The UN Summit of the Future brings world leaders together on September 22-23 during the UN General Assembly to agree on a Pact for the Future, a vision for global cooperation in the coming decades. The latest version of the pact reinstates a commitment of governments to transition away from fossil fuels, which disappeared from the second draft of the pact. The COP28 Climate Summit in Dubai called on nations to transition away from fossil fuels as part of a decision by nearly 200 Parties on the world’s first ‘global stocktake’ to ratchet up climate action before the end of the decade.
The latest evidence shows that the world’s largest banks based in developed countries continue to provide finance for coal projects, from fossil fuel subsidies to public financing and private investments. Between January 2021 and December 2023, commercial banks provided US$ 470 billion in loans and underwriting to the coal industry.

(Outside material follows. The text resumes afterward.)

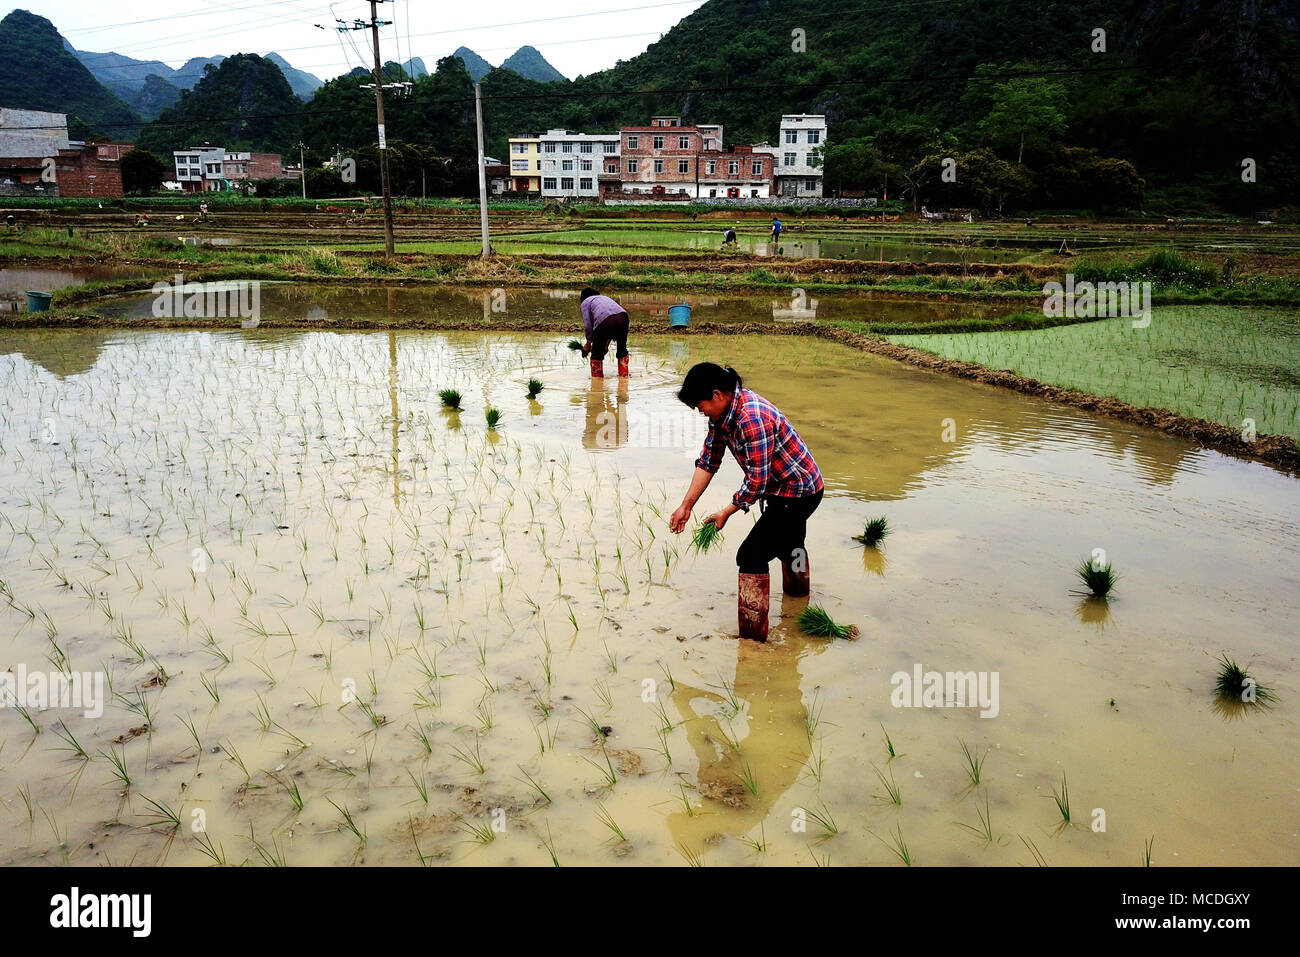 (180416) -- DAHUA, April 16, 2018 (Xinhua) -- Farmers plant rice seedlings in a field at Longkou Village under Dahua Township in Yao Autonomous County of Dahua, south China's Guangxi Zhuang Autonomous Region, April 16, 2018. (Xinhua/Zhang Ailin) (mp) Stock Photo

More than 200 organisations in Asia sent a letter to Asian governmentsdemanding decisive steps to end the expansion of coal in their countries, specifically a permanent ban on new coal plants and an immediate stop to direct and indirect public and private financing of new coal.
They also call for a rapid and just phase-out of existing coal to be completed by 2035, which should include the immediate retirement of highly polluting old coal plants, the permanent shutdown of mothballed plants, which does not contribute to current demand, and the early closure commitments for all existing coal plants. Currently, some 75% (1,626 GW) of global operating capacity is not covered by a coal closure commitment and the majority are in Asia.
“The phase out of coal in Asia must happen fast, fair and it must be funded globally. It must include providing alternative decent jobs, livelihoods, and homes for workers and communities on the frontlines of the climate crisis,” said Dr Suresh Tamang, from Rural Reconstruction Nepal, RRN who is supporting the cause for a fossil-free future.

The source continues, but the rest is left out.